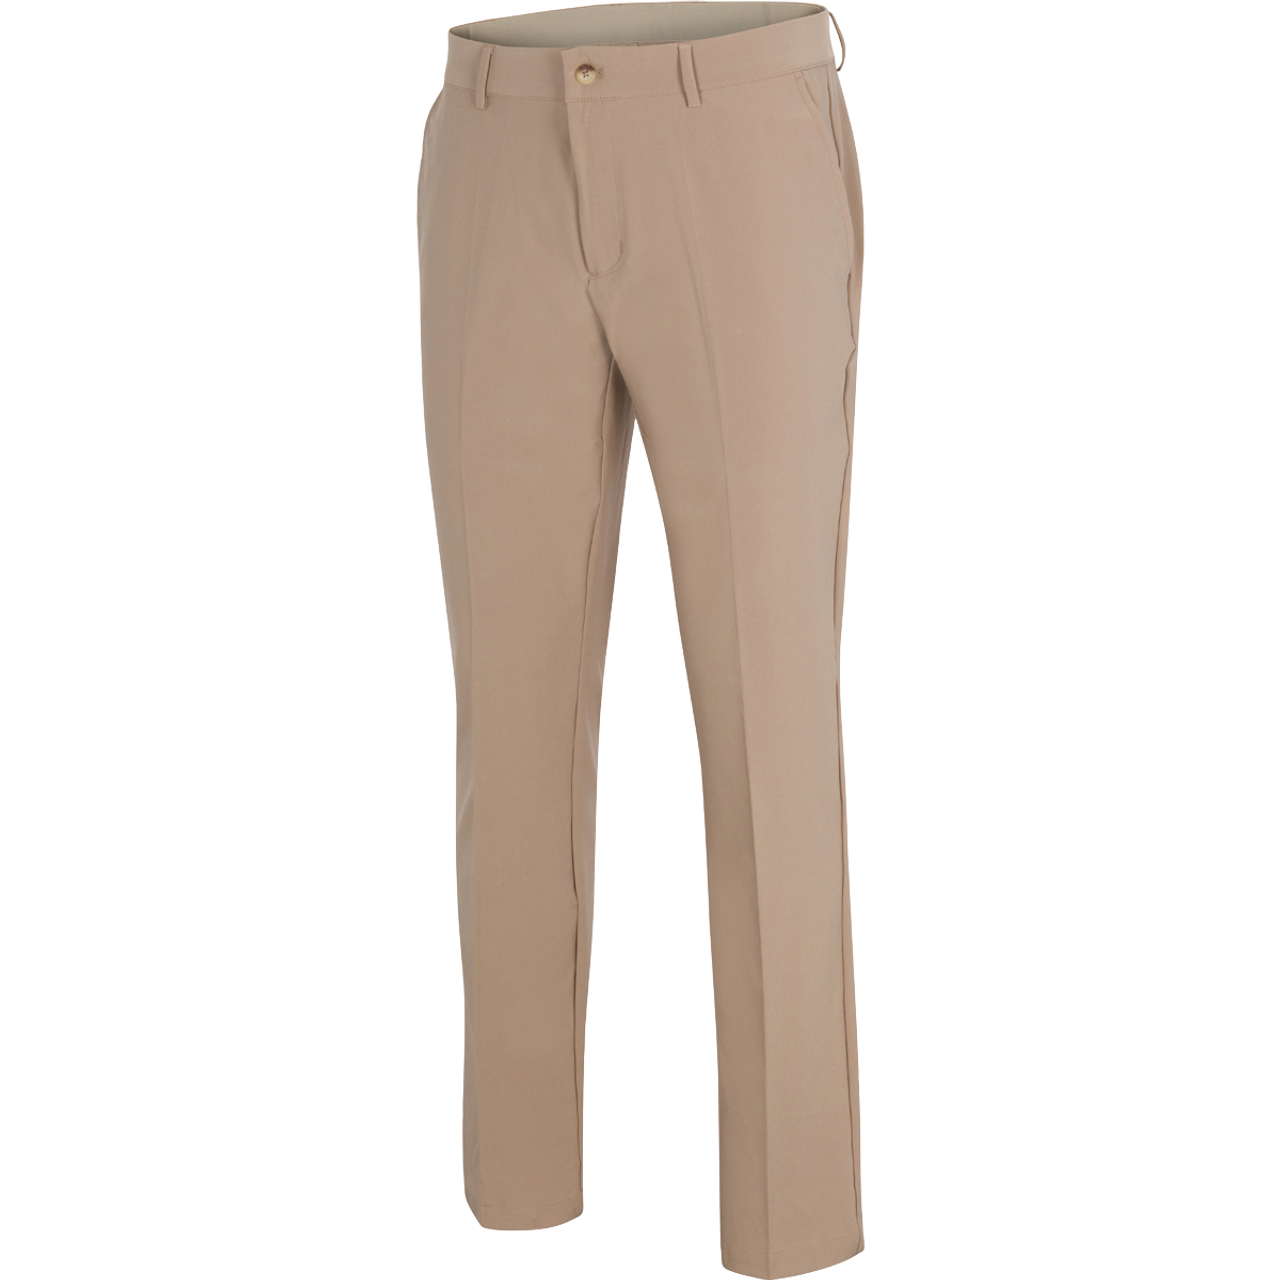 Greg Norman 4-Way Stretch Tech Golf Trouser Pant for men – golfbuyindia
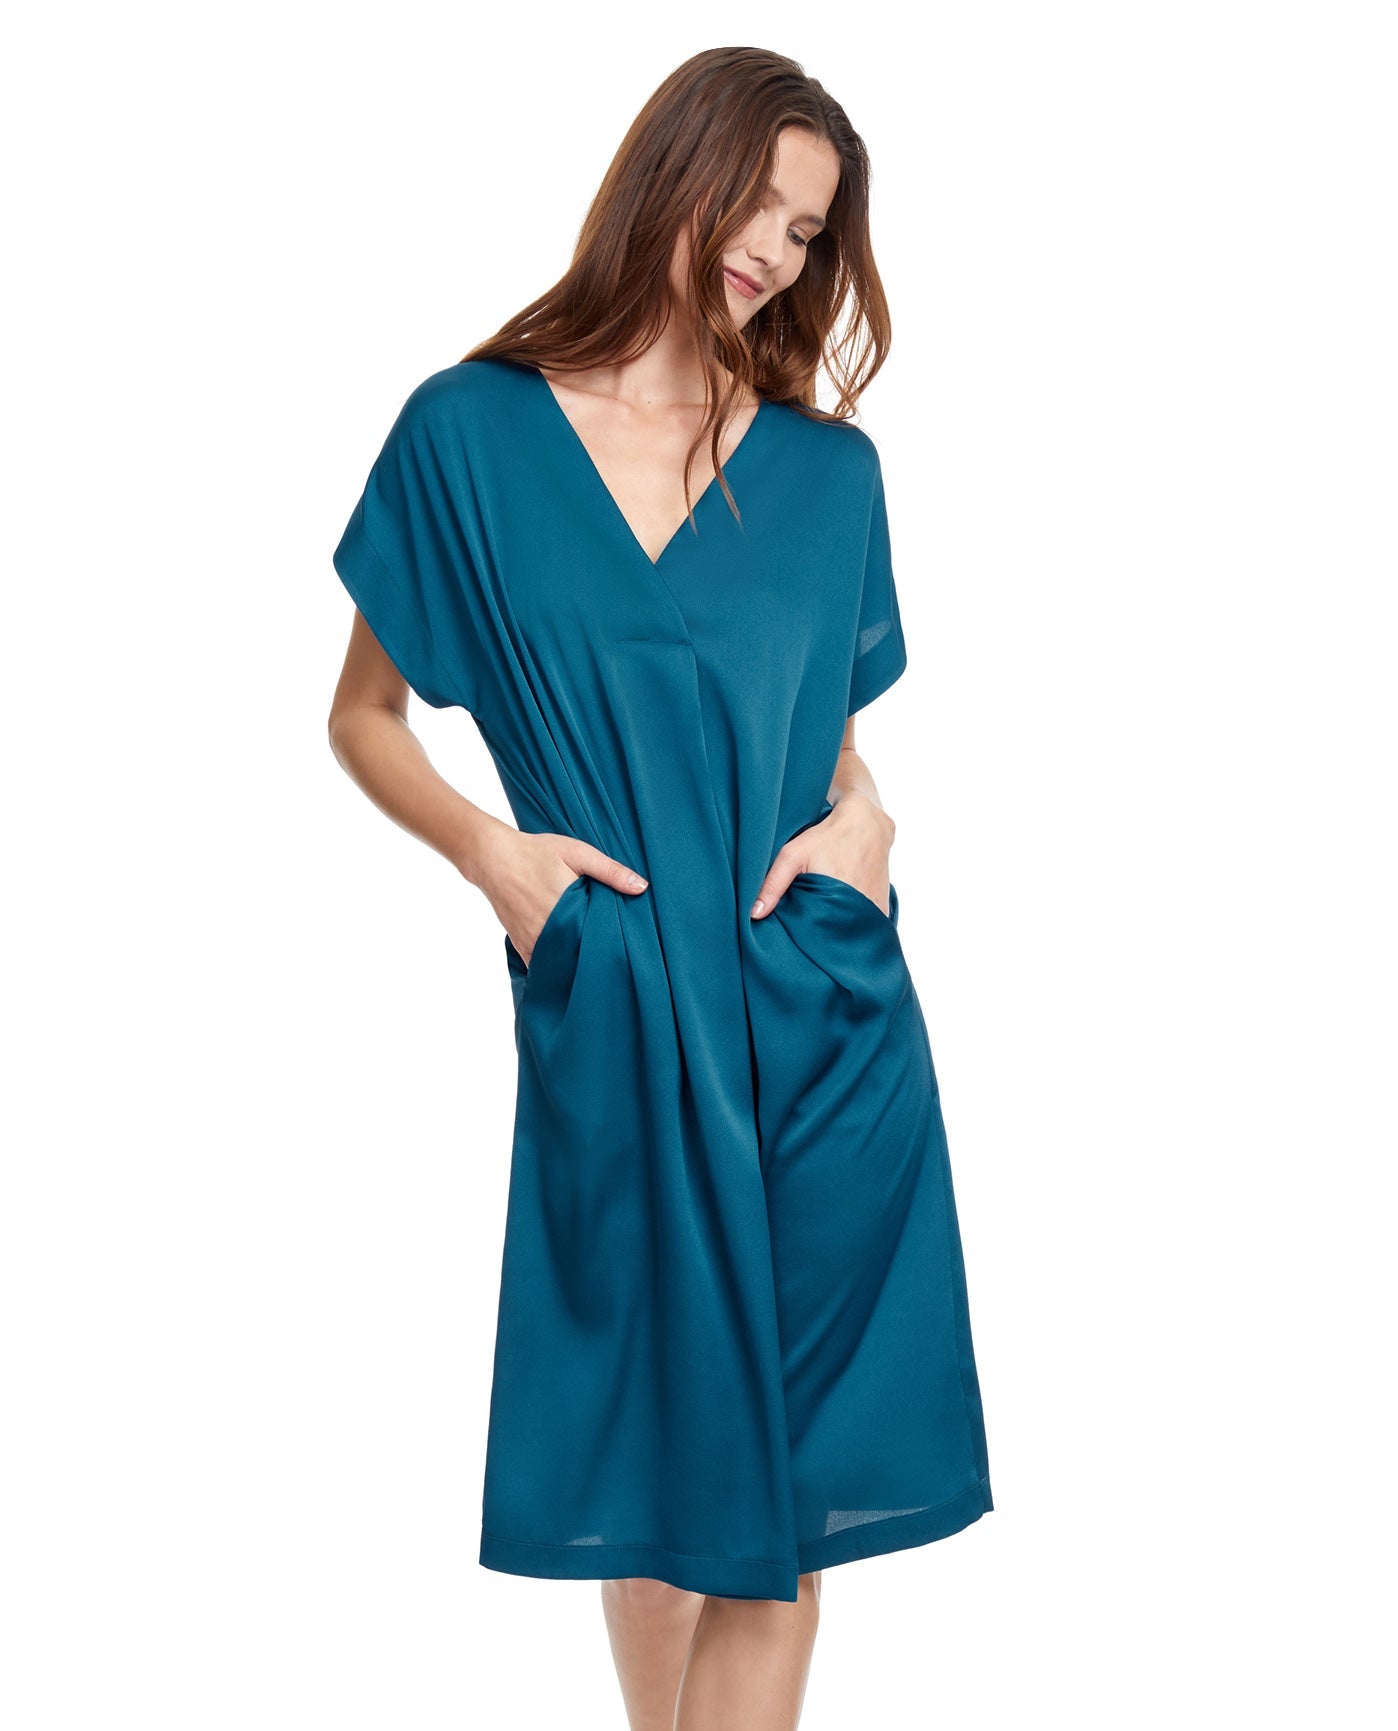 alternate front 1 View Of Gottex Classic Golden Touch V-Neck Long Tunic | Gottex Golden Touch Teal
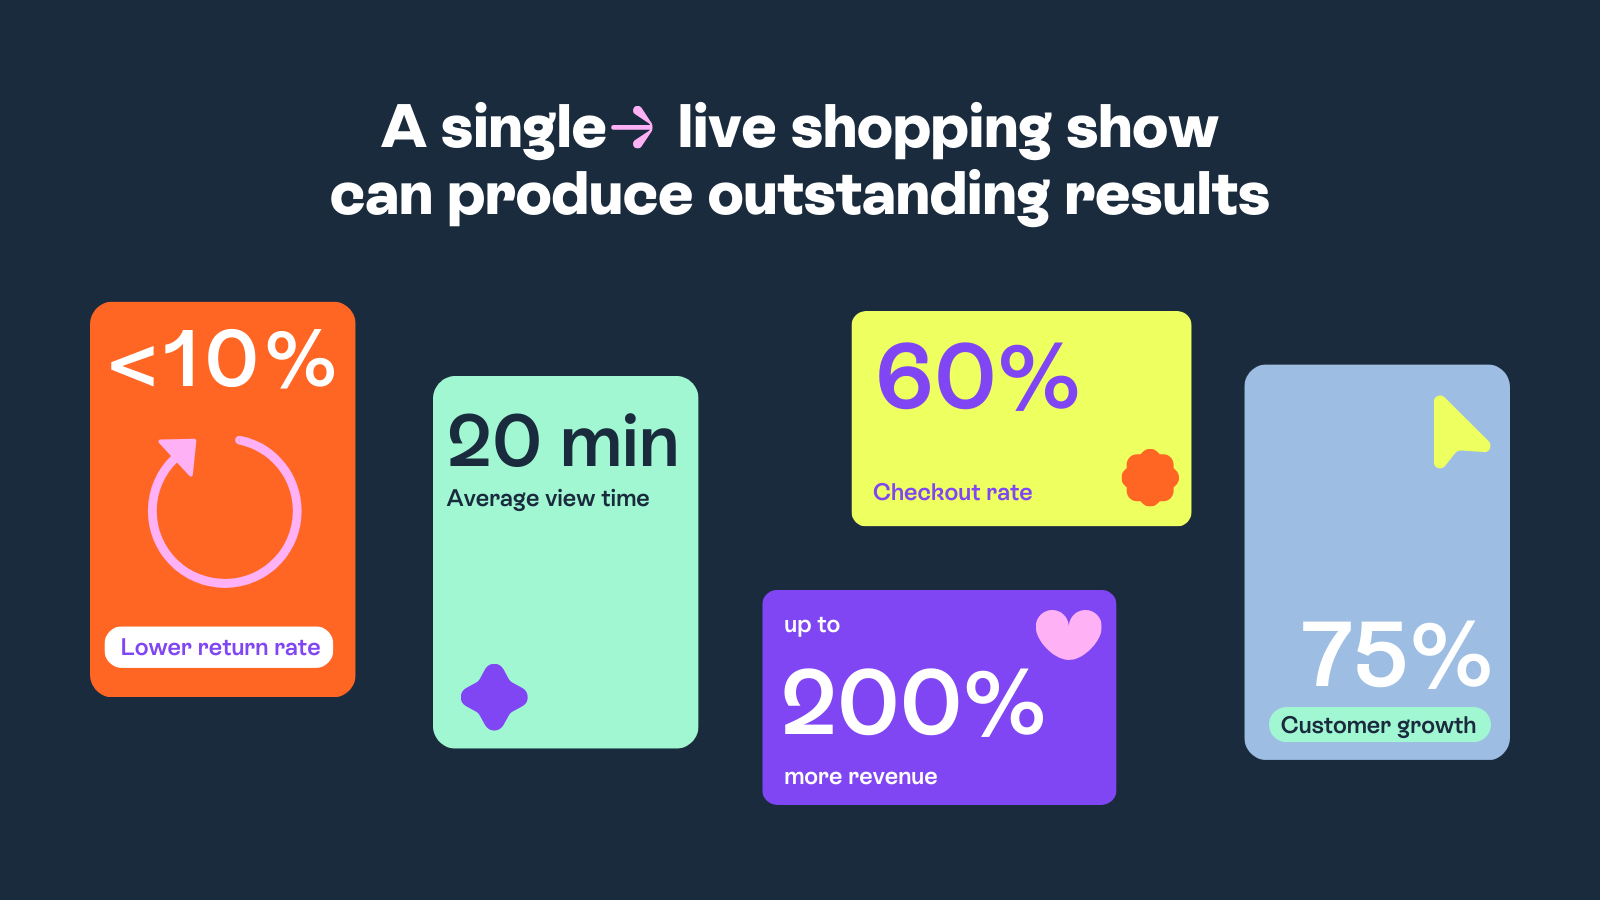 A single live shopping show can produce outstanding results

Aim of the exercise -
Output the span from the line with "alternate front 1" through the last line of the data, inclusive and exact, and omit every picture.

Result for this exercise -
 alternate front 1 View Of Gottex Classic Golden Touch V-Neck Long Tunic | Gottex Golden Touch Teal
 A single live shopping show can produce outstanding results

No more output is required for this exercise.